Roseanne Set Photos and Exclusive Cast Interview
So we sat down for an interview with Sara Gilbert, Michael Fishman, and Lecy Goranson before we explored the set. After you check out all my fun photos make sure to read the whole candid interview below.
SARA GILBERT, MICHAEL FISHMAN, LECY GORANSON
So this is all sorts of nostalgic awesomeness. Can you tell us where you are in shooting, where does the story pick up from where it left off?
Sara: So, we’ve shot seven episodes. And we’ve got two more to go. And regarding storylines, I mean it’s 20 years later, but we’re kinda picking up where our head writers thought our characters were.
So to catch up anyone that hadn’t seen the original series, Dan, the father played by John Goodman died. He is back, so there’s an obvious question of, well, how?
Sara: Well, Dan is alive. [LAUGHS]
Michael: He’s alive. I think for the most part all of the main crux the show remains intact. We’ve done a good job of kind of acknowledging kind of where we went towards the end of the show but within context. It’ll all make sense for fans. I think it’s a really quick kind of recap in the first episode.
I think the writers did a really good job of explaining where we are now and how it kind of fits in the transition. It’s pretty clean, but as you can see —
Sara: You can look at the see we’re poor. (LAUGHS Pointing to the set behind them)
Michael: Yeah. So, I think it’s, for fans without giving everything away; it’s much closer probably to the core of the show, the majority. And as you can see from the set, kinda the time period is appropriate for that.
How did it feel to come back to the set like 20 years later?
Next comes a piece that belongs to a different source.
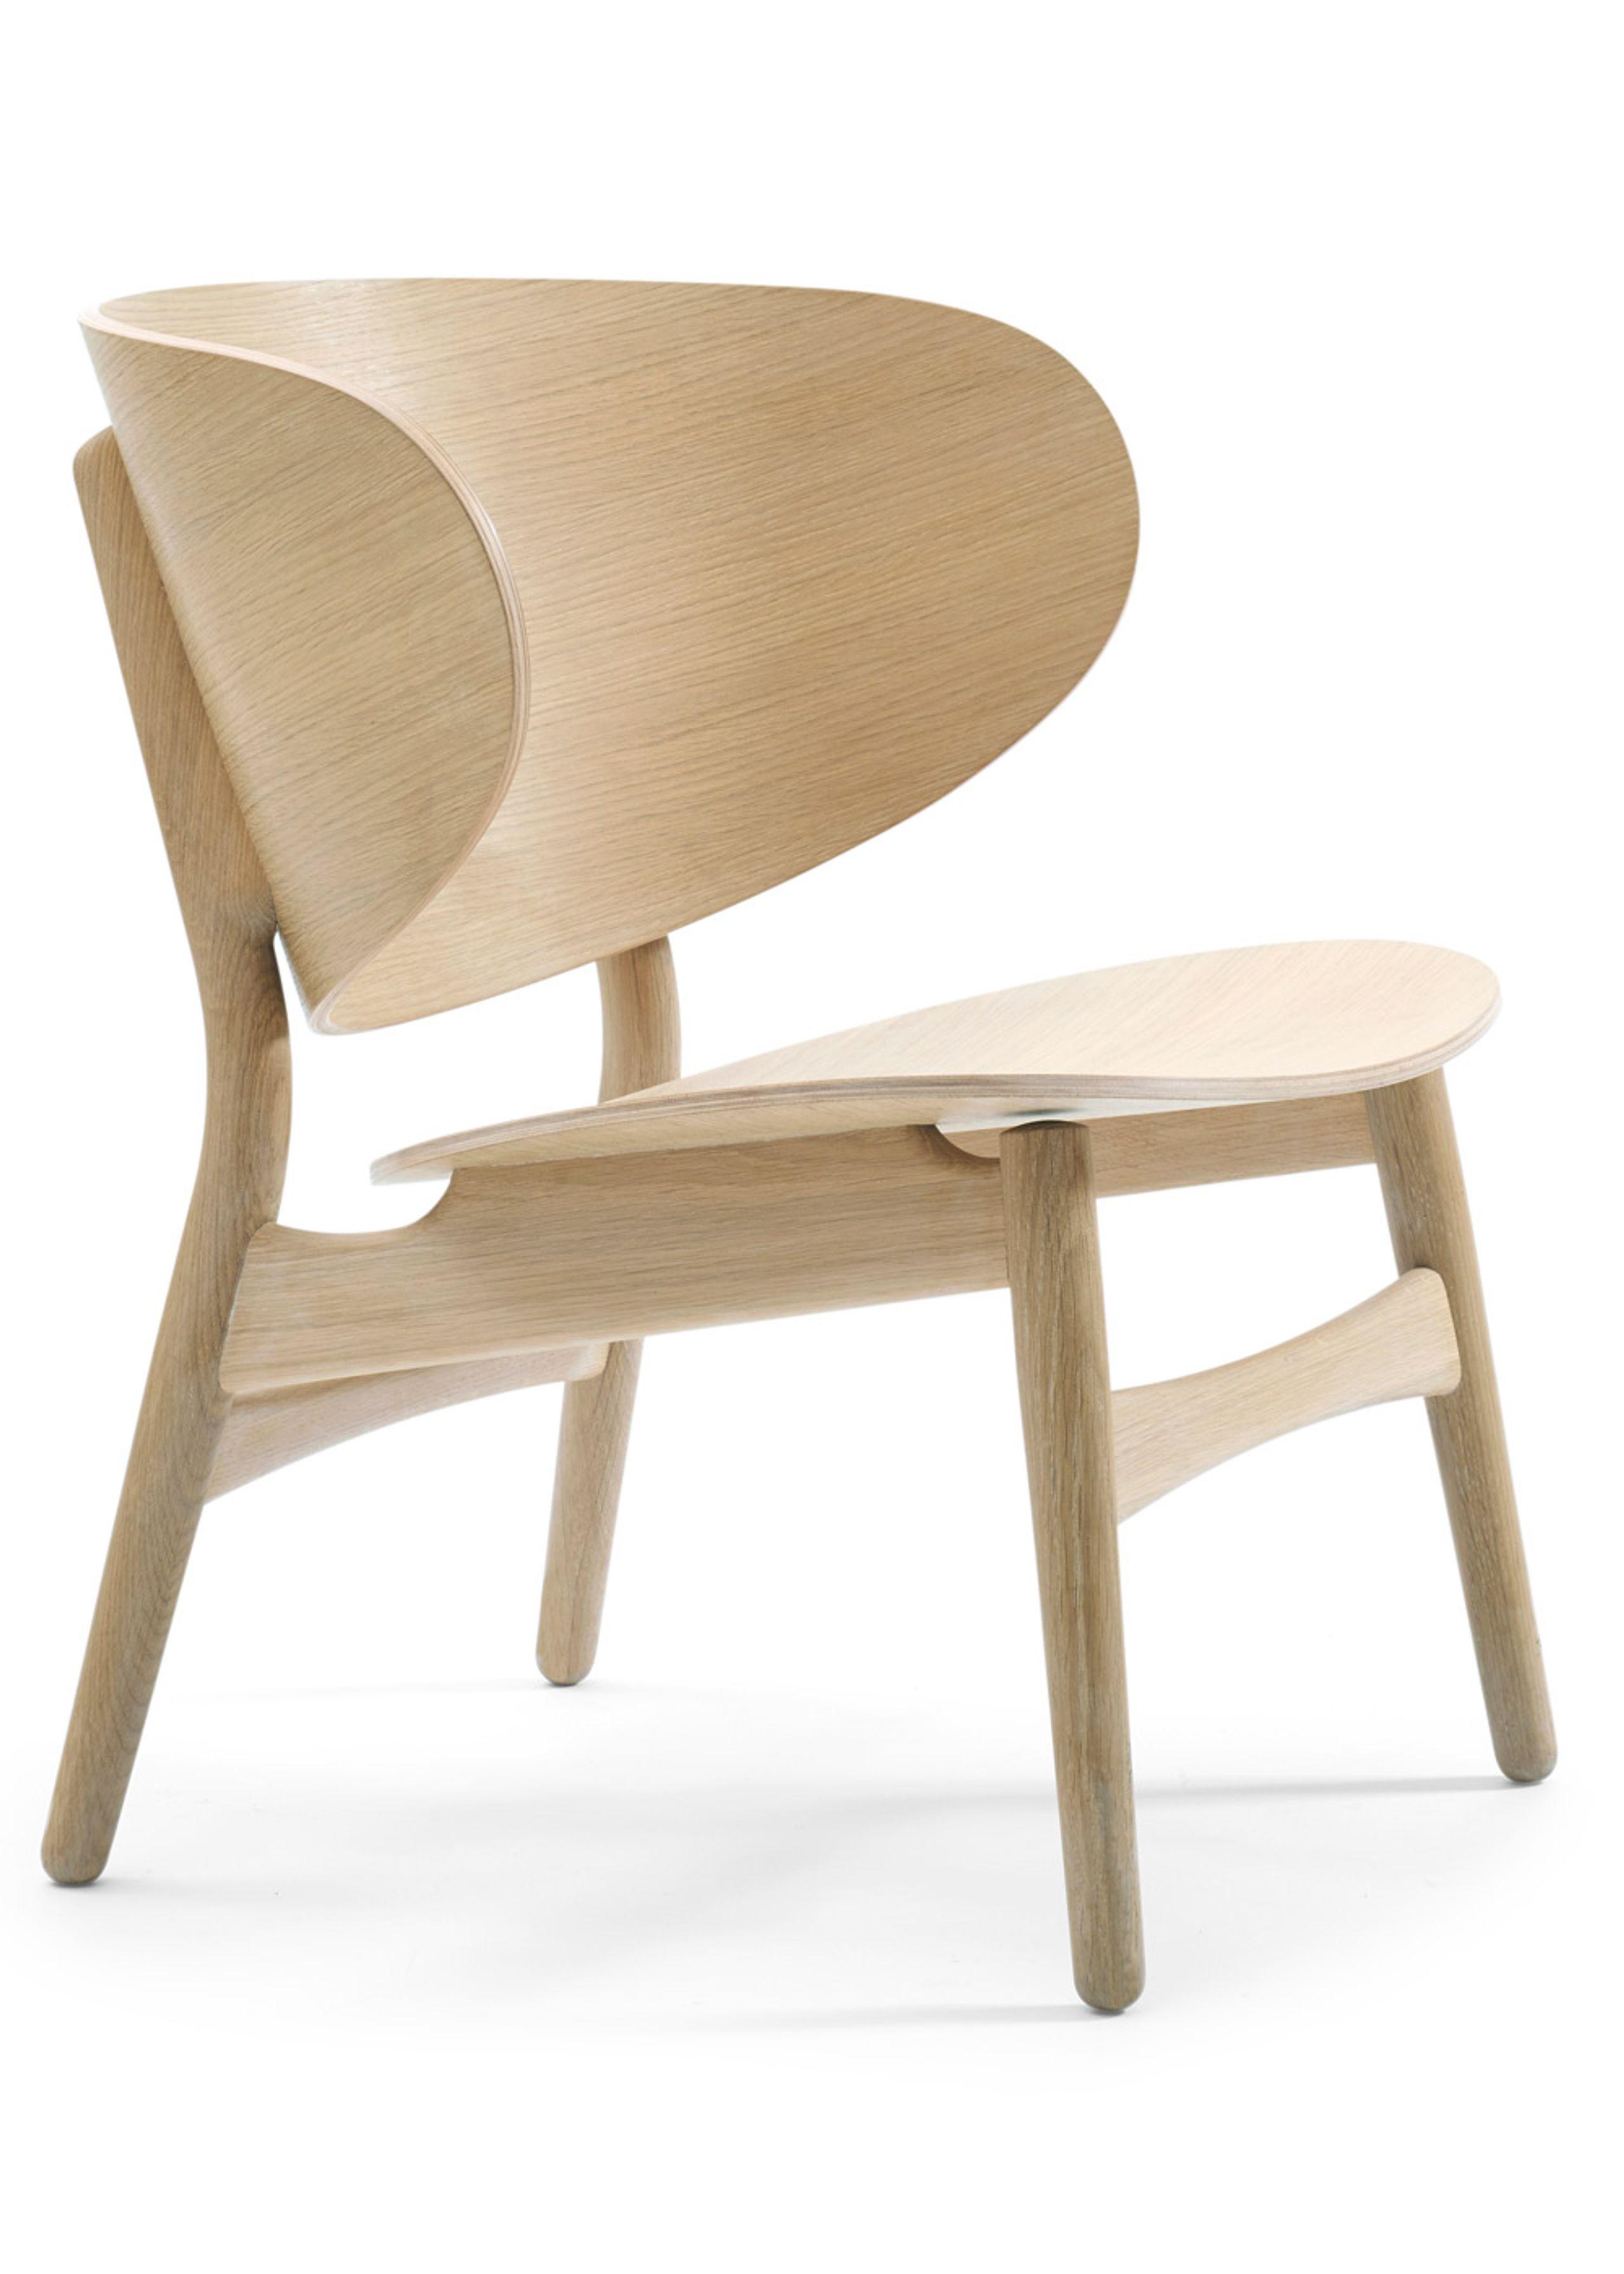 hans j wegner furniture. Getama - Fåtölj GE1936 / Venus Chair By Hans J. Wegner Walnut J Furniture

Lecy: It still feels like a family. You know, it feels like going home. I’m from outside of Chicago. When you walk in your front door, and you think, “oh, yeah,” this is that feeling. That’s how I felt here, especially when I see these faces and I hear Roseanne’s voice piercing [LAUGHS] through the set. You know, it really just feels that way.
And, you know, sometimes I’m driving to work, and I think there’s like this kind of ‘90s revival going on in general, so I’m listening to a song, some like grunge song or something like that. And then I’ll show up to work, and I’ll think like what. Am I stuck in some time warp [CHUCKLES] or something like that, you know?
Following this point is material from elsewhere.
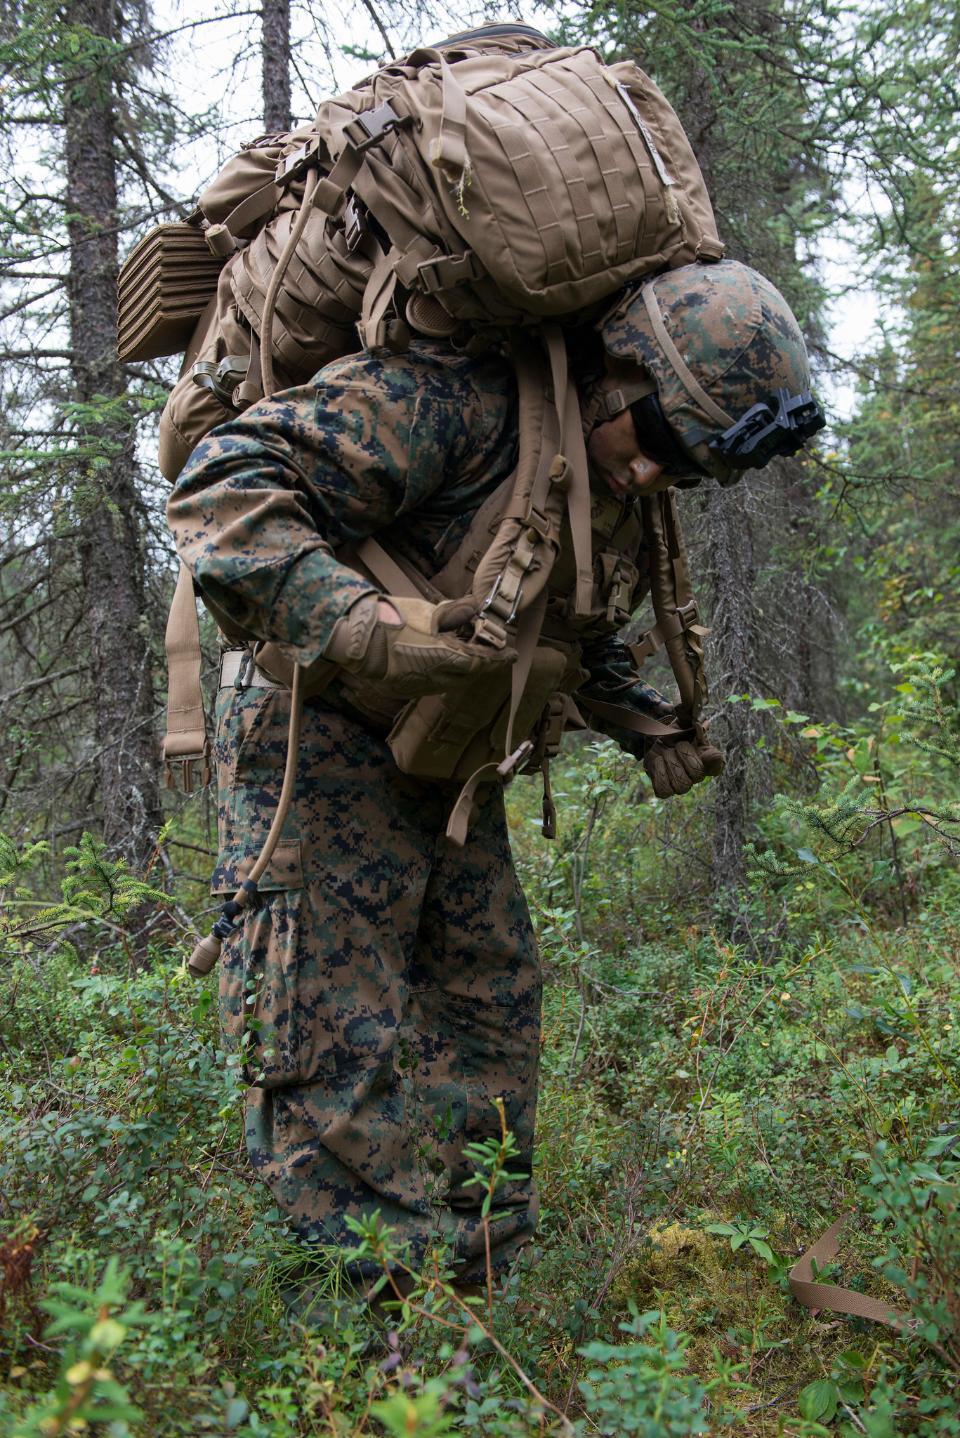 U.S. Marine Corps infantry riflemen

So, what was your reaction when the idea of coming back was pitched to you?
Michael: We have Sara largely to thank for that. I think a big part of this kind of initiated with what John and Sara did on The Talk. Then Sara really has kinda taken the ball and run with this and kinda brought everybody together. She’s kind of modest in that standpoint, but she really has been a very pivotal part of that. I think we’re all really thankful that we got this opportunity to all be together again.
Lecy: I had so many questions because I’ve kinda just been living my life and, of course, Roseanne’s been a huge part of my life, my career, everything.
But revisiting I had a lot of anxiety about particular the writing, if it was gonna be good if it was gonna feel like the show. What was it gonna look like? What was it gonna be like? I had so many questions. Then when I showed up to set, and we were around the table, and we were reading, I just felt so relieved and so connected and grounded in our world again. And it was just such a moving, beautiful thing. I’m like about to cry. [LAUGHS]
So, why did you feel that now was the right time? What do you want this new generation that never saw the original show to get from the new Roseanne?
Sara: I think in one respect it was an incredible time to do it because I felt like our country is so divided. And I feel like this is a working-class family that can have varying political views even within the family but still loves each other. And I thought what a great way to try to help unite people, have people listen to each other. You know, I strongly believe that we can disagree without being so divided. So, I’m hoping that we can help in that way.
And then it was also just a matter of synchronicity. I think none of us really thought that everybody would be onboard. And when I heard John say that he would do it, then it just motivated me to see if everyone would do it. So, it is sort of this wonderful time in our country to do it, but that just was a lucky byproduct of the fact that we all wanted to do it at this moment.
Can you share with us a favorite moment in this filming this season?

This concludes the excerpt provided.